Economics is a science of thinking in terms of models joined to the art of choosing models which are relevant to the contemporary world.
John Maynard Keynes, 1938
This chapter consists of four standalone, short chapters on topics that remain at the cutting edge of research in international macroeconomics.
1. Deviations from PPP work in the long run? Develop the Balassa-Samuelson model
2. Does UIP provide a good theory of short-run exchange rate determination? FX traders make massive profits and losses that should be predictable. This is inconsistent with arbitrage. Proposes aversion to extreme riskiness as a limit to arbitrage.

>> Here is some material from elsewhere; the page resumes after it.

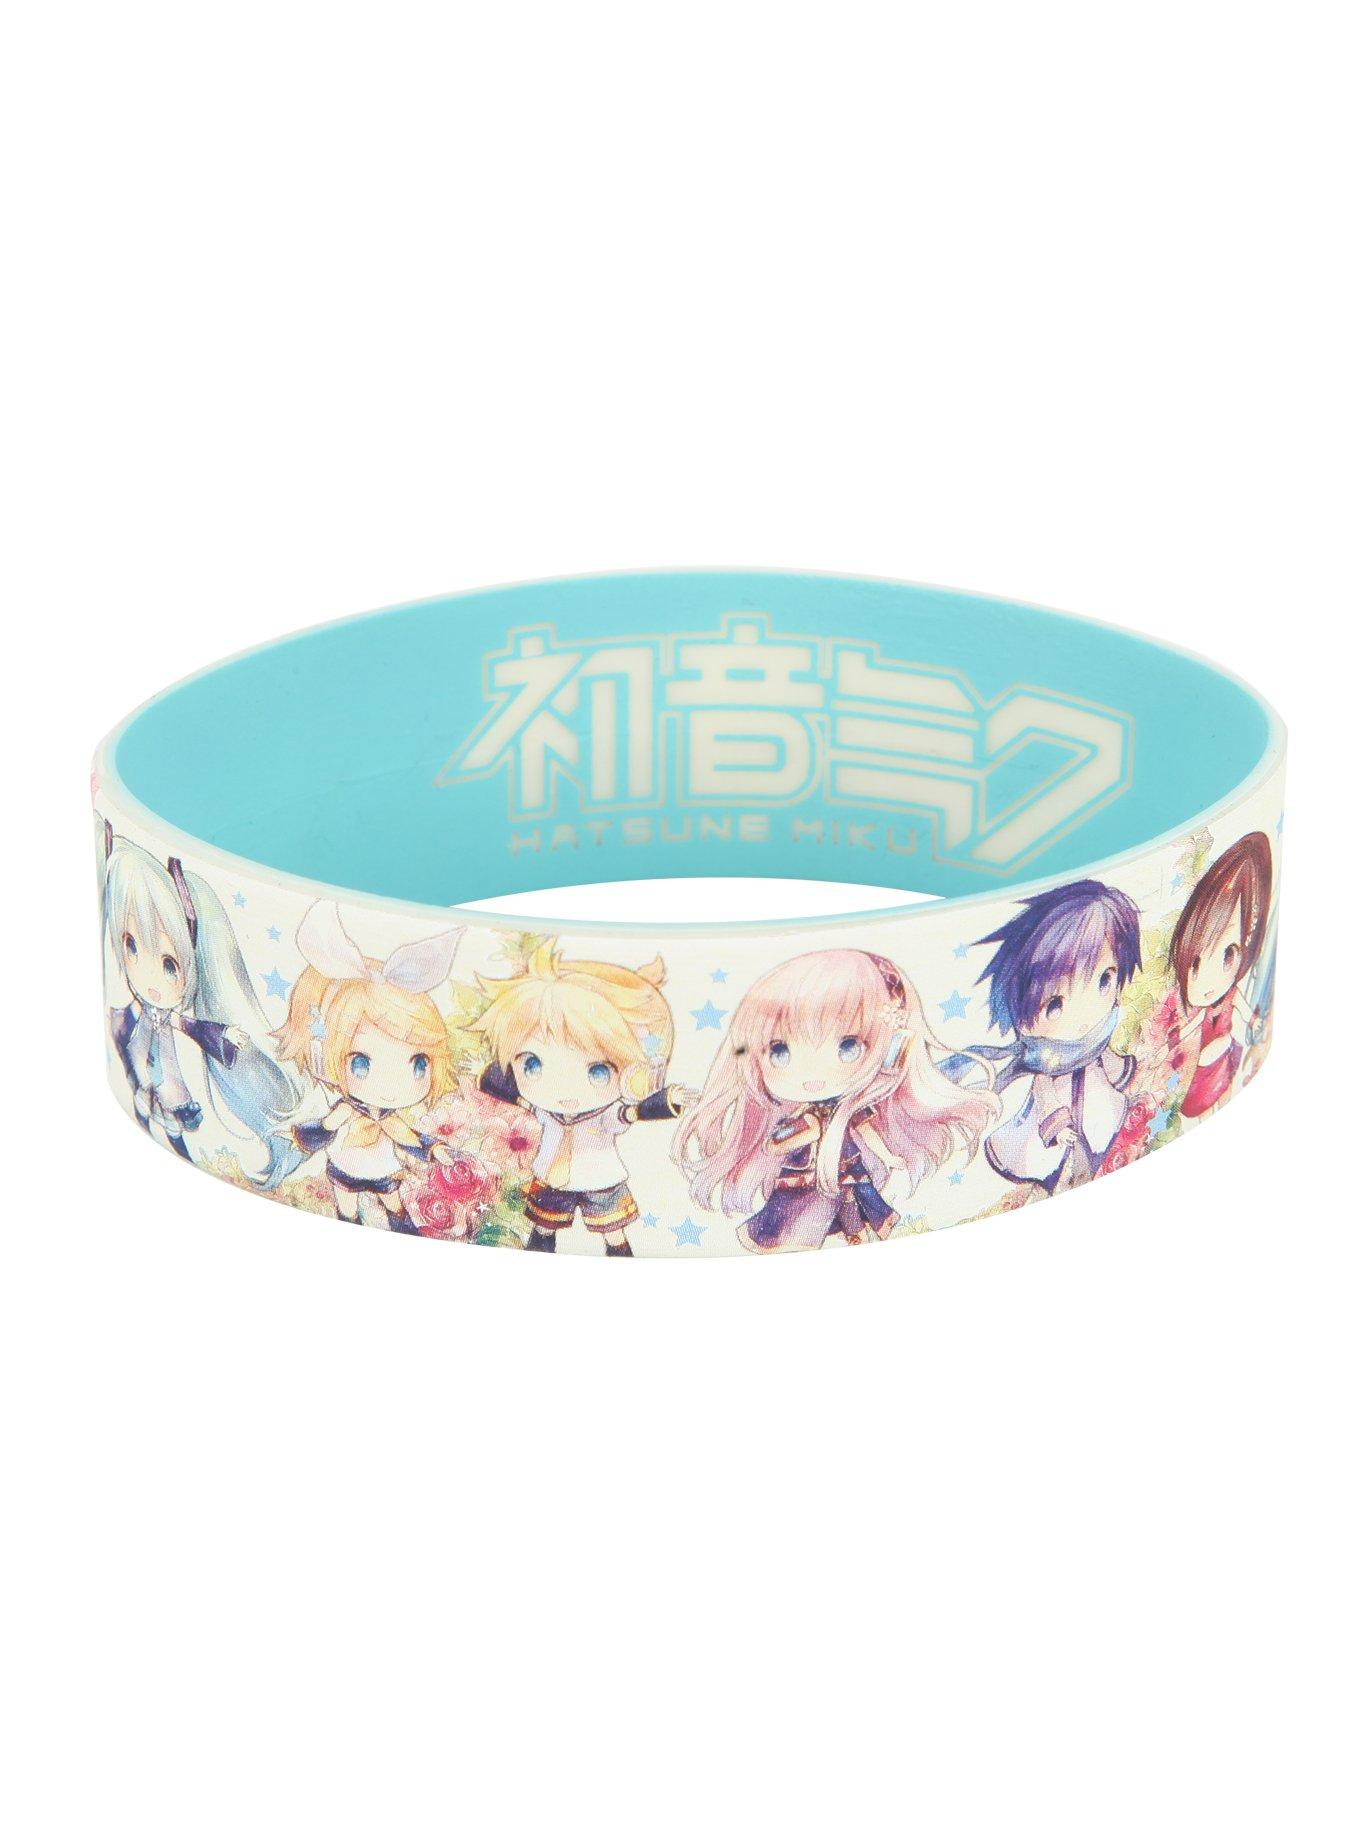 Hatsune Miku Chibi Rubber Bracelet, , hi-res

3. Sovereign default: Why do lenders lend, given this risk? When do borrowers default, and at what price? Develops a model in which adverse shocks make a country more likely to default. Larger shocks therefore make lenders less willing to lend, and so demand higher interest rates. This is consistent with the stylized facts that poor countries have more volatile output, face higher interest rates, default more at low rates of output, and lenders make little profit.
4. Reviews the global macroeconomy before, during, and after the recent crisis.
Like other fields of economics, international macroeconomics is evolving continually. New empirical analyses are constantly appearing, deepening our understanding, and bringing attention to new phenomena. New theoretical models are always being developed, to better explain long-standing puzzles or to confront new ones. The fast-changing global economic environment of recent years has pushed forward research faster than ever.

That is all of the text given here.